Data provided:
# # #

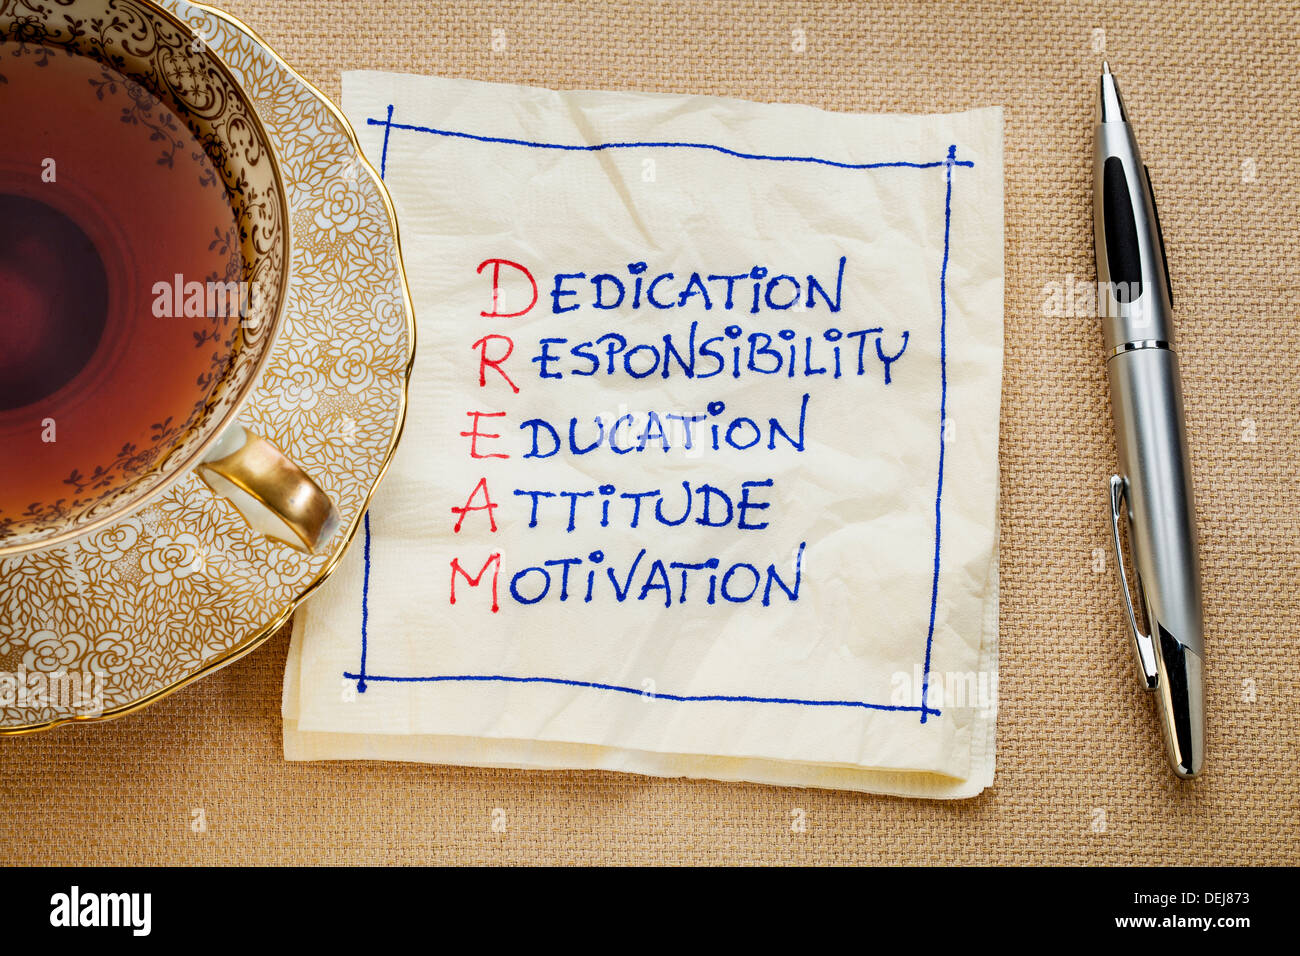 Engagement, Verantwortung, Ausbildung, Einstellung, Motivation - Traum Akronym - eine Serviette Doodle mit einer Tasse Tee Stockfoto
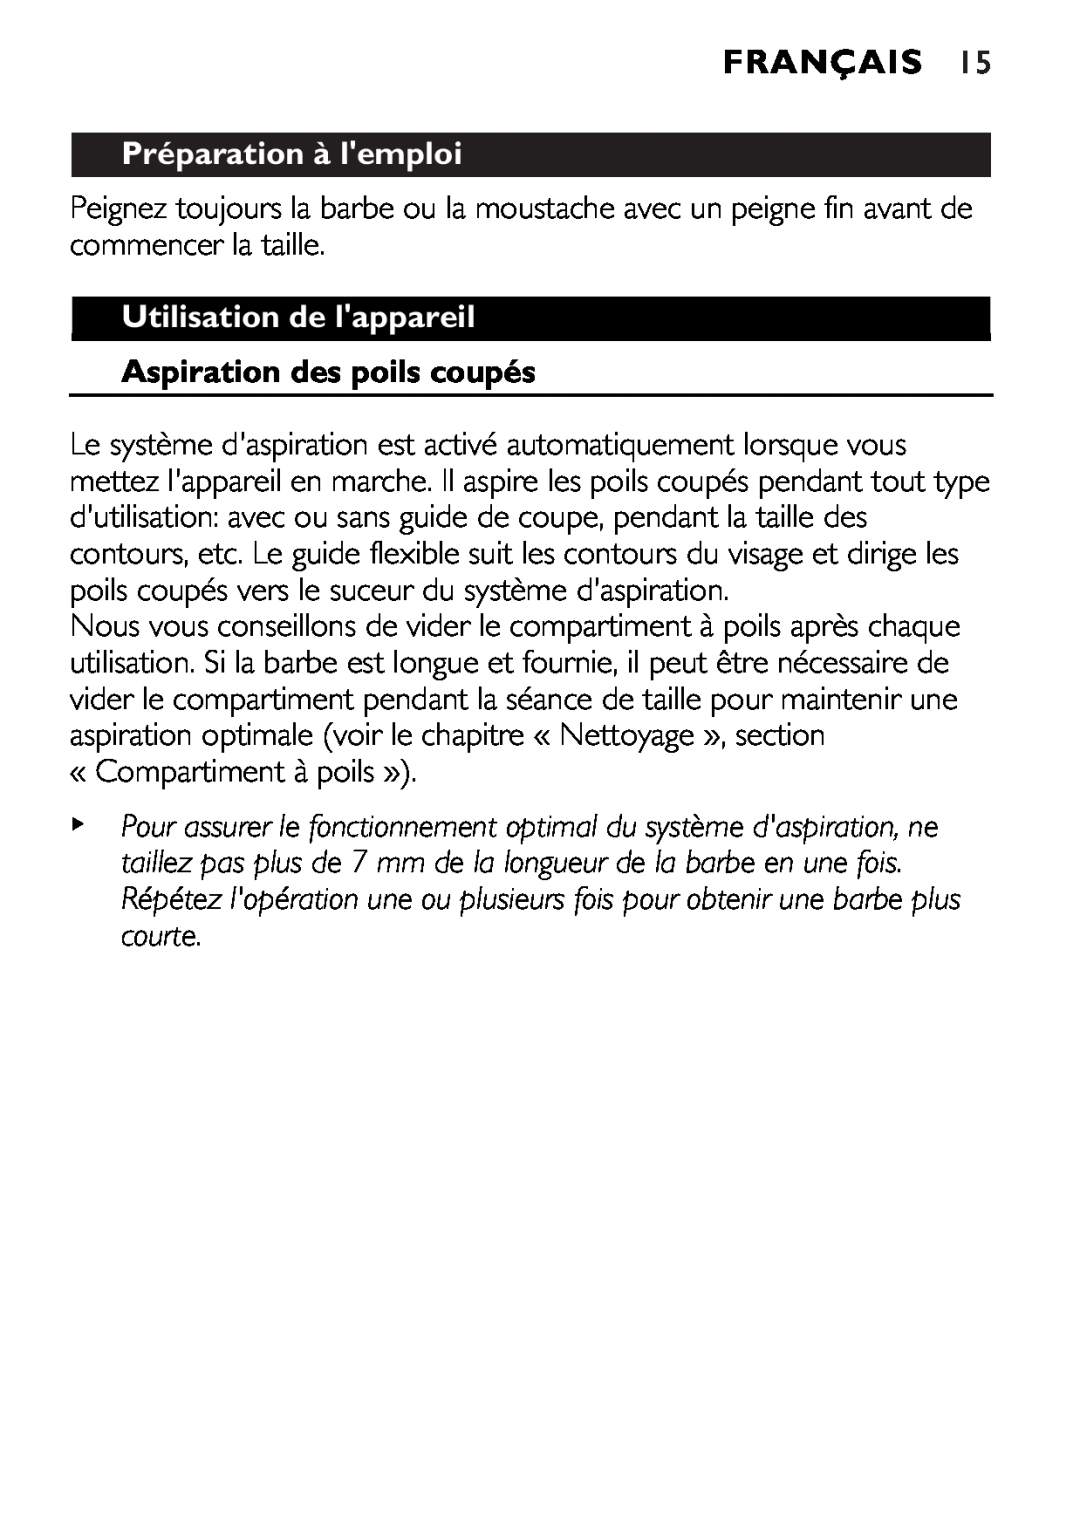 Philips 646-039 manual Français, Préparation à lemploi, Utilisation de lappareil, Aspiration des poils coupés 
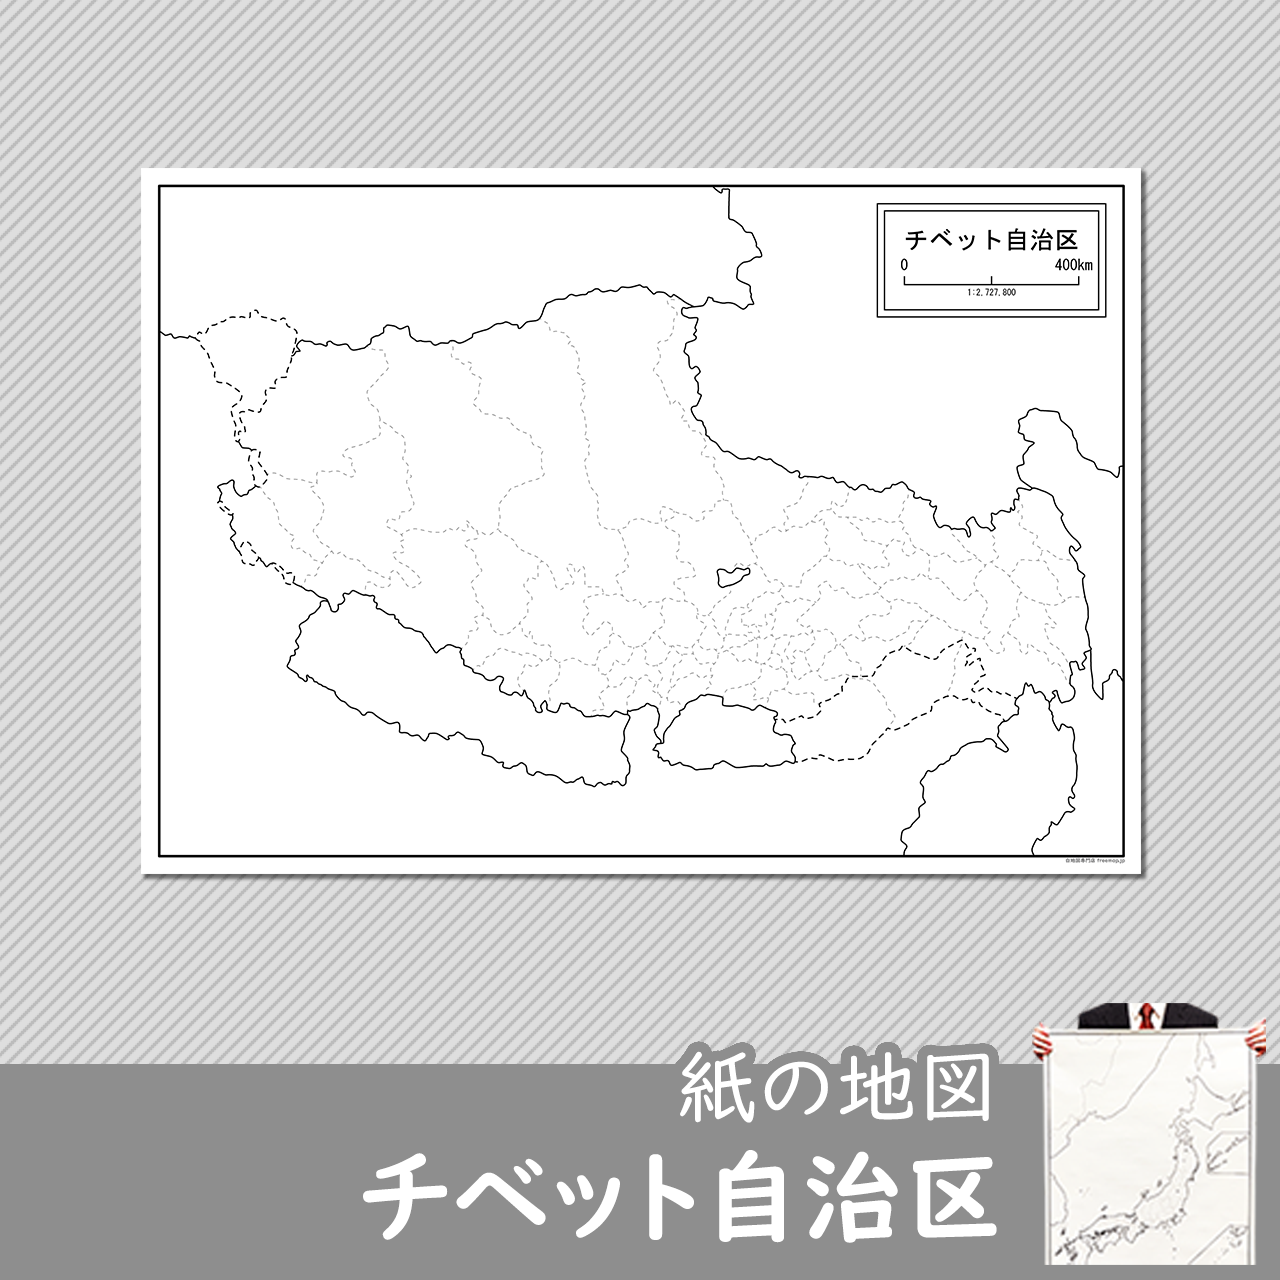 チベット自治区の紙の白地図のサムネイル

# # #

The data must be printed exactly, image-free.

 Engagement, Verantwortung, Ausbildung, Einstellung, Motivation - Traum Akronym - eine Serviette Doodle mit einer Tasse Tee Stockfoto
 Philips 646-039 manual Français, Préparation à lemploi, Utilisation de lappareil, Aspiration des poils coupés 
 チベット自治区の紙の白地図のサムネイル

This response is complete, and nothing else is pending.